Green MSE 2020: Great success for people, science, and environment

Symbolbild zum Artikel. Der Link öffnet das Bild in einer großen Anzeige.
Source: DGM

Every two years, the German Materials Society (DGM) hosts the Materials Science and Engineering Congress, a multi-day event with an international character. In the past years, the congresses have taken place in Darmstadt. The MSE 2020 was originally planned on the premises of the local Technical University. However, as is well known, an aggressive virus put a serious crimp in the plans on almost all events. That being said representatives from science and industry stayed at home and connected online from all over the world – which in turn left a weighty green footprint.

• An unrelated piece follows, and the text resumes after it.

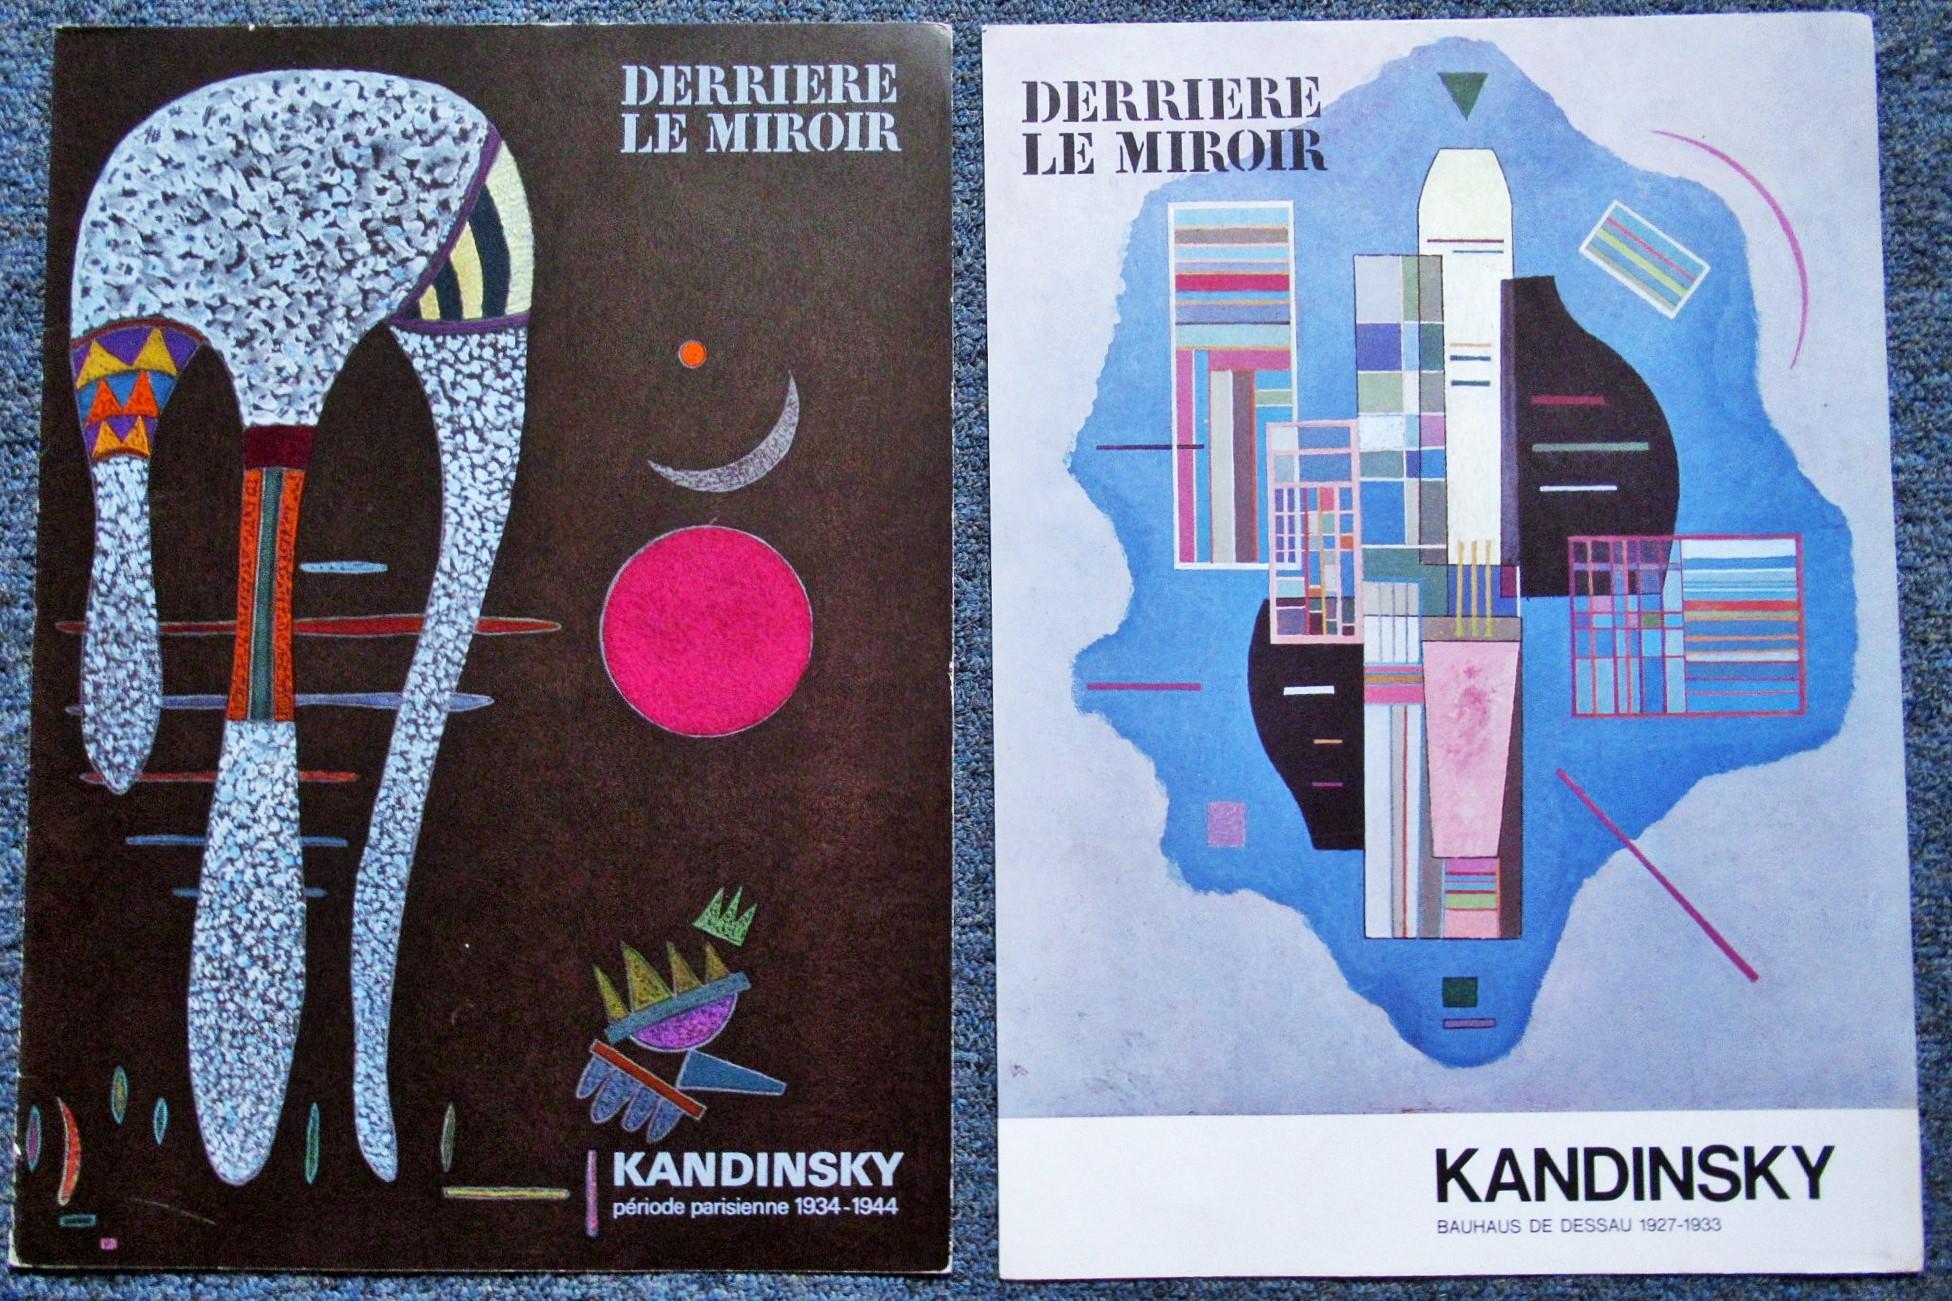 TWO_2_ORIGINAL_LITHOGRAPHS_BY_KANDINSKY_KANDINSKY_Very_Good

Around 1.000 participants made “Materials Science and Engineering” (MSE) a success story again in 2020. From September 22nd to 25th, an internationally diverse audience gathered on the DGM’s Conference Platform to listen to lectures, present their own research results, view posters, or stroll through the virtual exhibition. Even though face-to-face contact was omitted, the MSE still offered the opportunity for personal exchange via networking sessions and video chats – which was gladly and actively taken up by all participants.

Prof. Aldo R. Boccaccini, head of the Institute for Biomaterials (WW7), was a member of the scientific committee of MSE 2020 and attended the conference as symposium organiser, session chair and speaker. He said: “MSE 2020 was my first ever full digital conference and I attended as many sessions as possible as I was wondering if the format would work and participants would have a positive experience. I have to say that I was positively surprised by the possibilities that digital conferences offer, it was overall well received, this was also the opinion of the members of my group who attended MSE 2020. Surely we all miss the face to face interaction with colleagues for both the scientific and the personal contacts, but digital meetings provide indeed a positive alternative for scientific exchanges in these difficult times and DGM has established a very versatile platform and organisation to deliver such digital conferences in the most effective way”.

However, the conference was not only a great success as alternative concept for scientific exchange: The positive effect for the environment was impressive, as well.

Normally, 300 participants would have had to travel long distances in order to participate in the conference. By eliminating the need for air travel the environment was spared to an extent that takes on an impressive dimension in the sum of its individual international particles.

The much-cited “green footprint” represents the amount of CO2 emissions that an aircraft emits per passenger over a certain distance. In the case of the MSE, only the kilometers traveled by the international participants were taken into account for the following calculation, for the sake of standardization each from the capital city airport of the home country to Frankfurt am Main – including the outbound and return flights. The range was from short trips from Luxembourg (400 kilometers) to intercontinental flights to and from New Zealand (37,200 kilometers). All in all, this would have added up to just over 2,000,000 kilometers of air travel – or 50 circumnavigations of the earth!

Even more impressive is the focussed view of the burden on the environment, which was exposed in this way. Considering the mentioned travel kilometers, the 300 international MSE participants would have emitted 354.49 tons of CO2 – this corresponds to the weight of 60 adult African elephants!

According to the common definition, one beech tree binds approx. 12.5 kilograms of CO2 per year. This in turn means that 80 trees would have to be planted to compensate for the emission of one ton of CO2 respectively. With reference to the MSE, correspondingly over 28.300 saplings would have had to be planted to compensate for the impact of conference participants traveling via plane.

The year 2020 has come with many restrictions, it has literally demanded sacrifices. At the same time, people around the globe have demonstrated, sometimes impressively, that they defy these adversities, that they develop alternative solutions, and that they think outside the box despite spatial limitations. It is precisely this view that allows us to look at our own green footprint from a positive angle.